今回、宮崎県では、口蹄疫という病気が感染しやすく、取材に行った記者たちが感染を拡大させる危険があったため、発生農家への取材は禁止されていた。その代わり、県庁の職員が定期的に報告をする記者会見が行われた。写真については、県庁の担当から提供を受けた。4月末に豚に広がってから、一気に感染が拡大したため、この時期は夜中の1時、2時といった時間に会見が設定されることが続いた。
本紙も、感染を防ぐため、殺処分を終えるまでは現地の農家には記者は入らないようにルールを決めた。その場合も、行ったときの靴は処分する、一定期間は別の農場に行かないなど配慮しながら取材を行った。

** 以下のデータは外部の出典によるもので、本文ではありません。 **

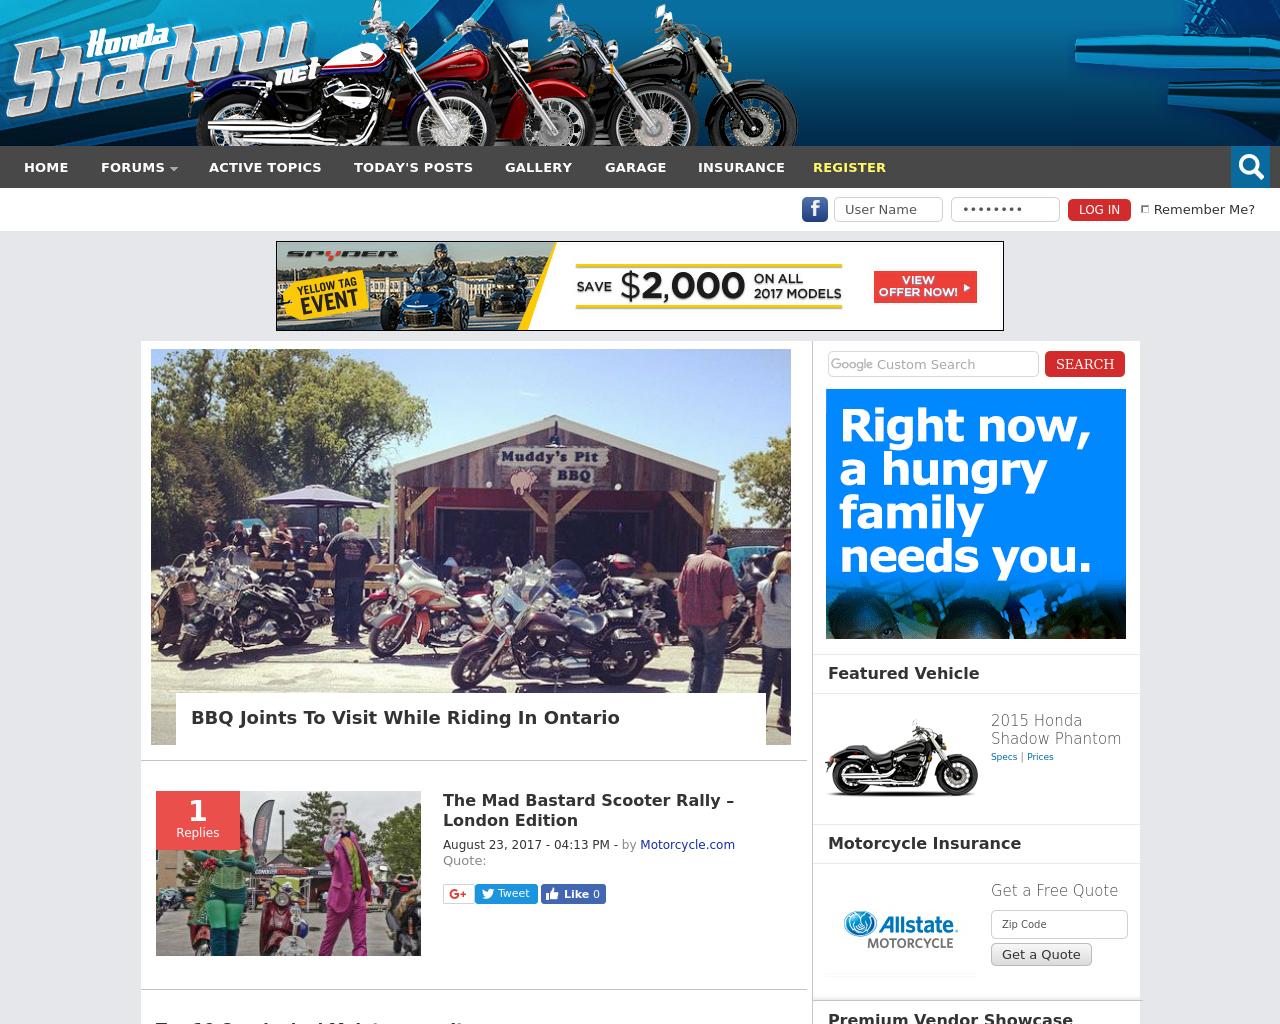 Honda-Shadow-Forums-Advertising-Reviews-Pricing

現地の報道機関も、感染させないように規制に従っていたが、時には記者たちの不満が出ることもあった。新聞は提供写真で済むが、映像がないことに苦労したテレビ局が、農水省の疫学調査チームの現地調査の日に、現場に報道ヘリコプターを飛ばしたことが分かり、当日の記者会見では、自粛するよう厳重に注意をされる場面も見られた。

現地で耳にした話が印象に残っている。家族のように牛を育てていたある高齢の男性は、牛に名前を付けて、娘のようにかわいがっていた。ワクチンを接種しなければならなくなった時、「一番最後にしてほしい」と申し出たという話も聞いた。
また、お嫁さんが来たばかりのある農場では、お嫁さんが牛に名前をつけて仕事になじもうと努力していたところに、口蹄疫が発生した。すべての殺処分が決まってから、子牛が生まれた。殺処分しなければならないこの子牛に、名前を付けて、母牛の乳を飲ませたというエピソードも聞いた。

発生数が増えるにつれ、「何千頭、何万頭」と増えるうちに、想像できる範囲を大きく超えた時に、「何例目」と無機質に報道されていた場面もあったが、1つ1つの農場に、農家の苦悩や悲しみがあったことを、感じた。
すべての経営の糧を失った農家にとっては、口蹄疫が終息して以降、経営をどのように再建し、産地として復興するのか。畜産農家にとってはこれからが長い戦いとなる。